About Anemia Related to CKD
Approximately 30 million people in the United States have CKD, with an estimated 1.8 million of these patients suffering from anemia. Anemia results from the body's inability to coordinate RBC production in response to lower oxygen levels due to the progressive loss of kidney function, which occurs in patients with CKD. Left untreated, anemia significantly accelerates patients' overall deterioration of health with increased morbidity and mortality. Renal anemia is currently treated with injectable rESAs, which are associated with inconsistent hemoglobin responses and well-documented safety risks.

About Akebia Therapeutics
Akebia Therapeutics, Inc. is a biopharmaceutical company headquartered in Cambridge, Massachusetts, focused on delivering innovative therapies to patients with kidney disease through HIF biology. The company has completed Phase 2 development of its lead product candidate, vadadustat, an oral therapy for the treatment of anemia related to CKD in both non-dialysis and dialysis patients. Enrollment in the PRO₂TECT™ Phase 3 program in non-dialysis CKD patients commenced in late 2015 and the INNO₂VATE^TM Phase 3 program in dialysis-dependent CKD patients is expected to commence in 2016.

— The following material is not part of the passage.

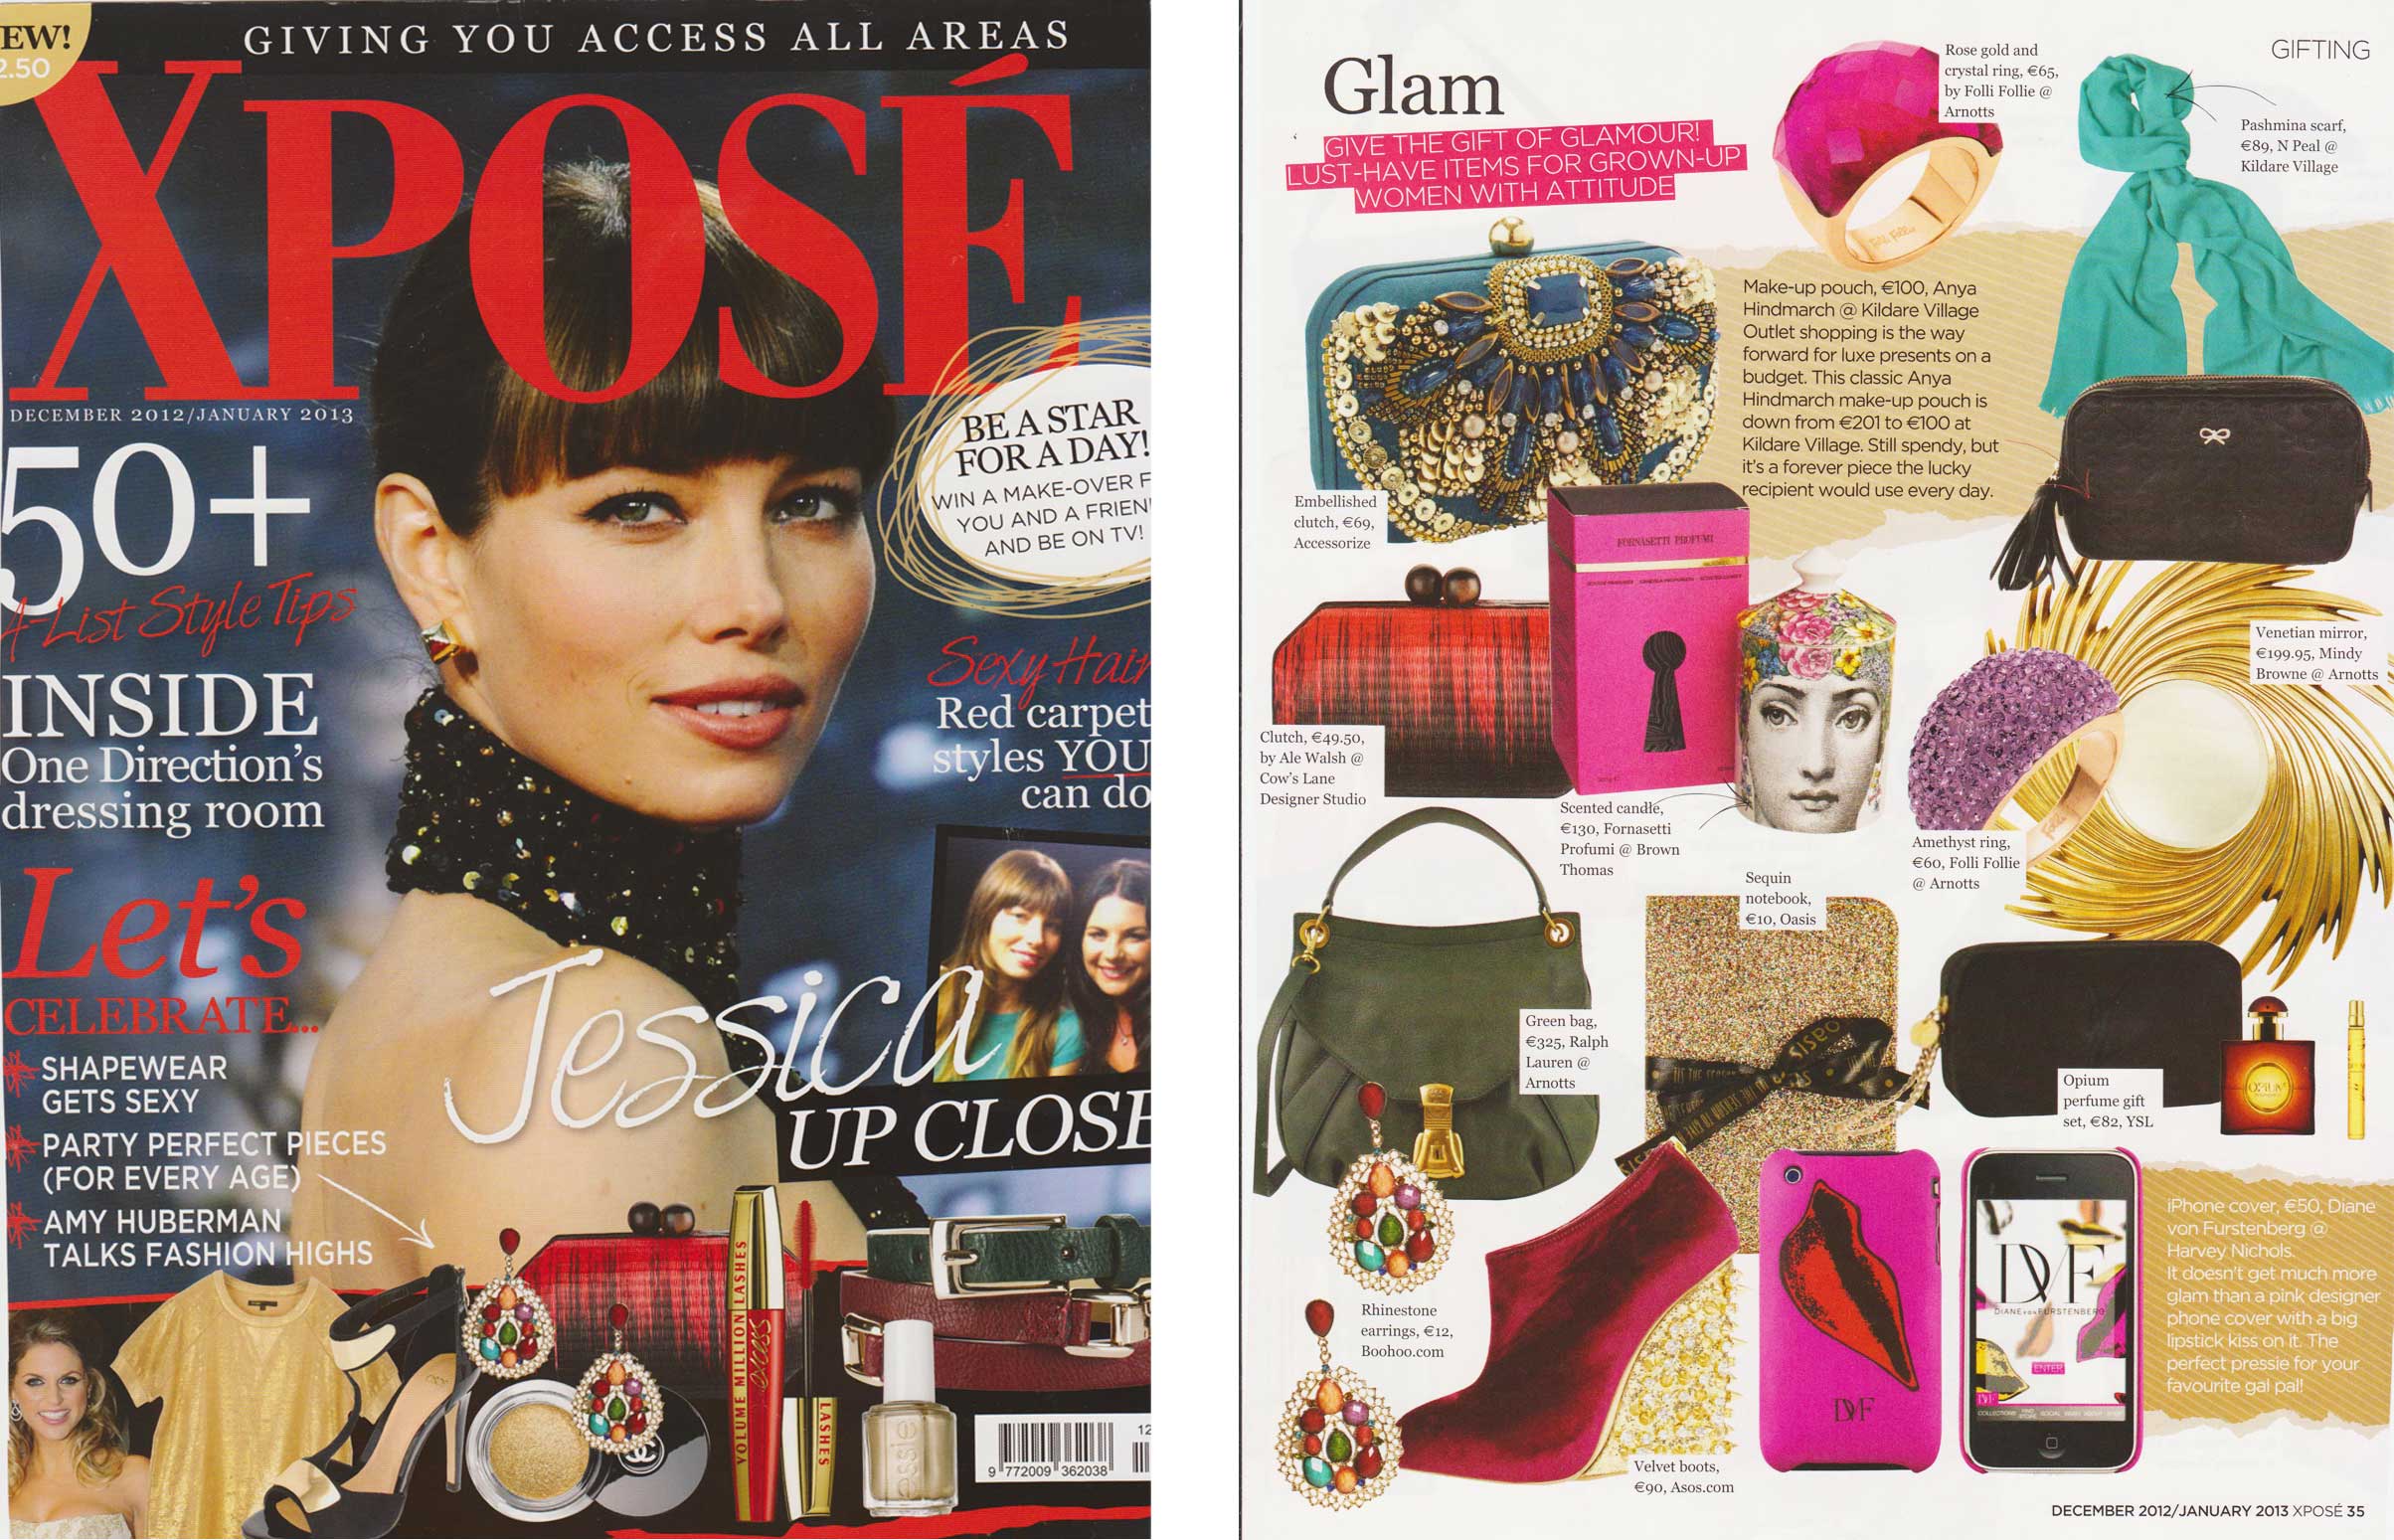 Xpose Magazine Cover and fashion article featuring Ale Walsh Designer Handbag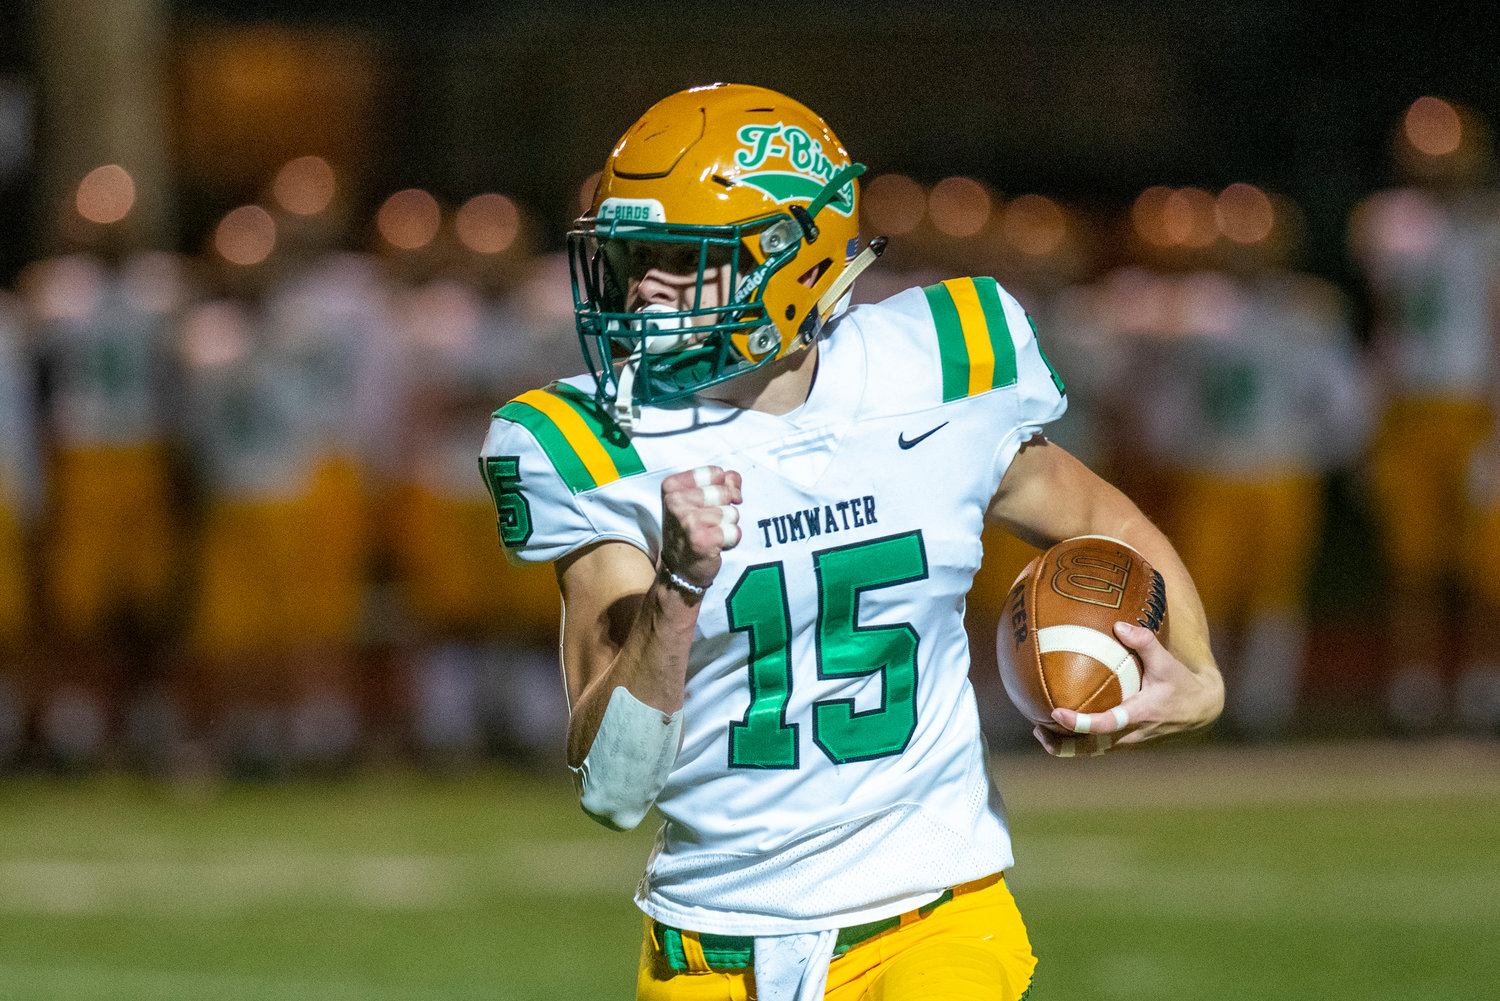 FILE PHOTO -- Tumwater’s Ashton Paine (15) rushes for a first-quarter touchdown against Centralia Oct. 29.

Forward-Looking Statements
This press release includes forward-looking statements. Such forward-looking statements include those about Akebia Therapeutics, Inc.’s strategy, future plans and prospects, including statements regarding the potential indications, dosing and benefits of vadadustat, the development plans for vadadustat and AKB-6899, the initiation of the vadadustat Phase 3 program, and the commencement of clinical development for AKB-6899. The words "anticipate," "appear," "believe," "estimate," "expect," "intend," "may," "plan," "predict," "project," "target," "potential," "will," "would," "could," "should," "continue," and similar expressions are intended to identify forward-looking statements, although not all forward-looking statements contain these identifying words. Each forward-looking statement is subject to risks and uncertainties that could cause actual results to differ materially from those expressed or implied in such statement, including the risk that existing preclinical and clinical data may not be predictive of the results of ongoing or later clinical studies; the ability of Akebia to successfully complete the clinical development of vadadustat; the funding required to develop Akebia's product candidates and operate the company, and the actual expenses associated therewith; the cost of the Phase 1 study of AKB-6899 and the Phase 3 studies of vadadustat and the availability of financing to cover such costs; the timing and content of decisions made by the FDA and other regulatory authorities; the actual time it takes to prepare for and initiate clinical studies; the success of competitors in developing product candidates for diseases for which Akebia is currently developing its product candidates; and Akebia's ability to obtain, maintain and enforce patent and other intellectual property protection for vadadustat and AKB-6899. Other risks and uncertainties include those identified under the heading "Risk Factors" in Akebia's Quarterly Report on Form 10-Q for the quarter ended September 30, 2015, and other filings that Akebia may make with the Securities and Exchange Commission in the future. Akebia does not undertake, and specifically disclaims, any obligation to update any forward-looking statements contained in this press release.